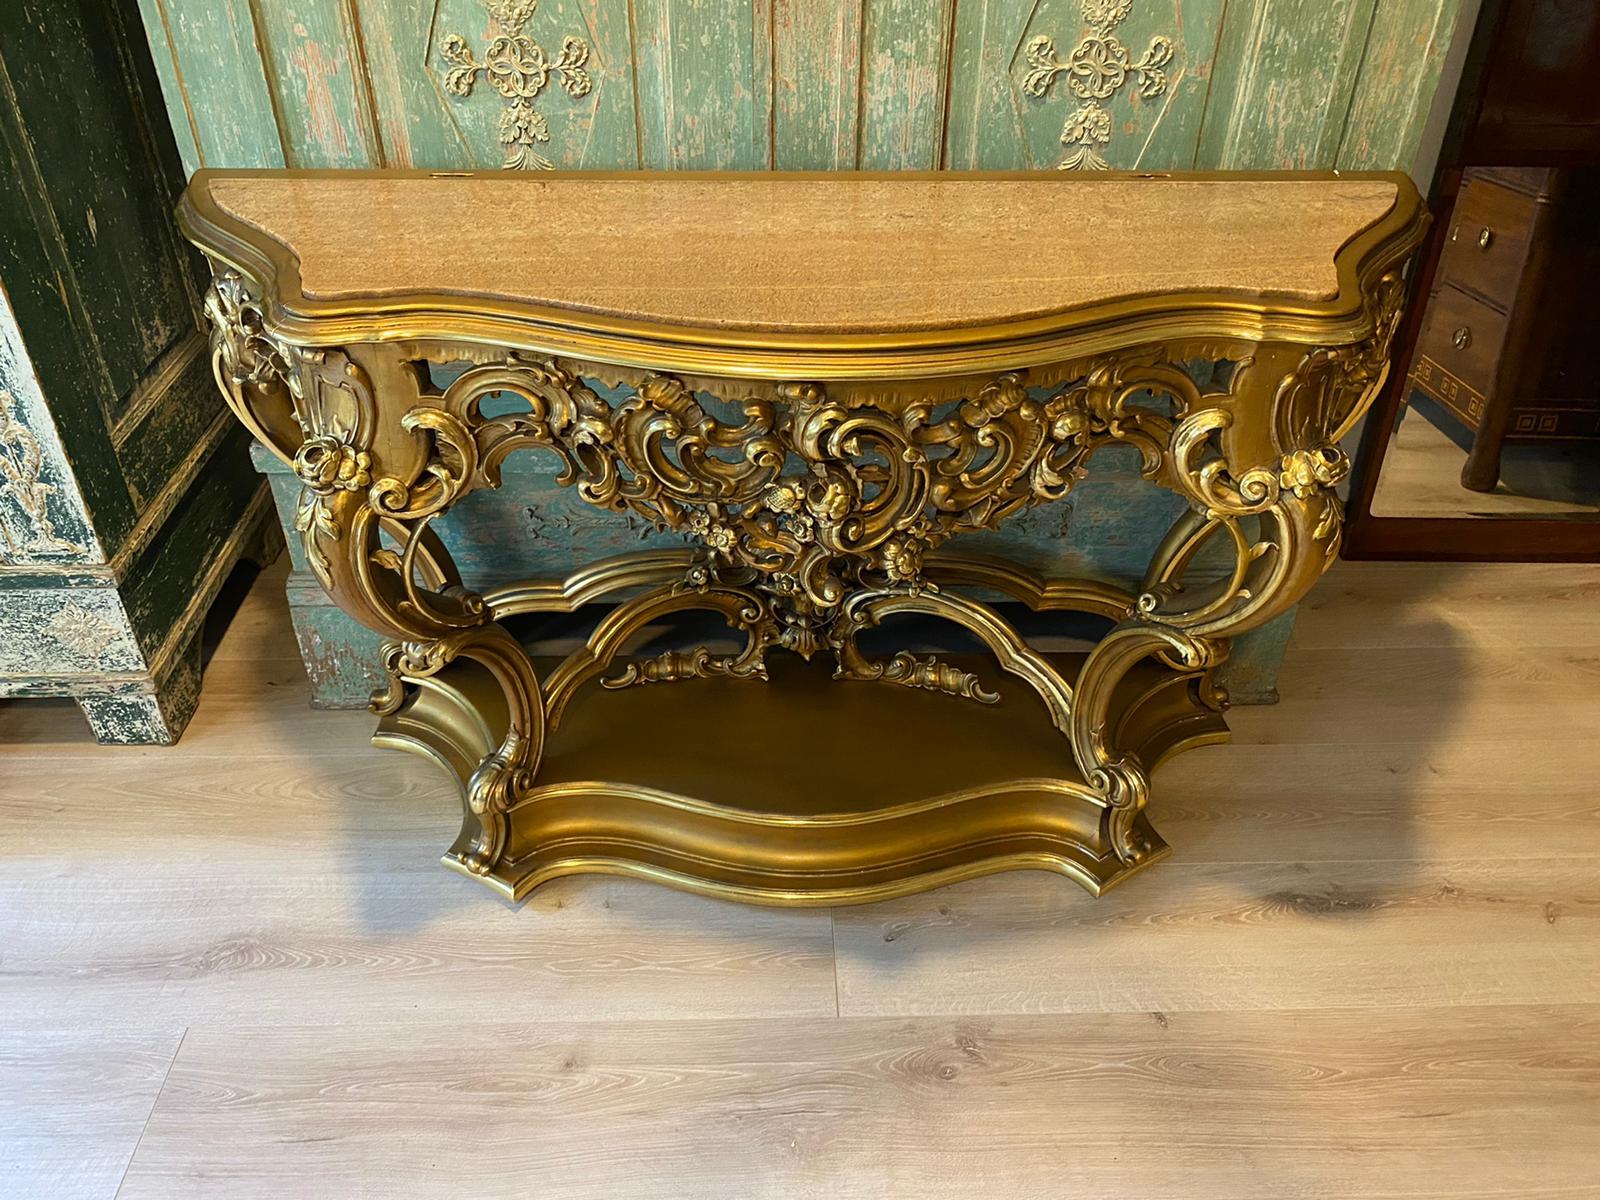 Important 19th century French mirror console with marble
Measures :console: 145cm x 90cm high
Mirror measures: 192cm x 130cm
In total, the console and mirror have a height of 282cm
Good original condition
Provenance: Roman family
If you need

_WORK INSTRUCTIONS_: The expected output is the complete listing, word for word, without any picture.

_SOLUTION TO THIS TASK_:
 Important 19th century French mirror console with marble
Measures :console: 145cm x 90cm high
Mirror measures: 192cm x 130cm
In total, the console and mirror have a height of 282cm
Good original condition
Provenance: Roman family
If you need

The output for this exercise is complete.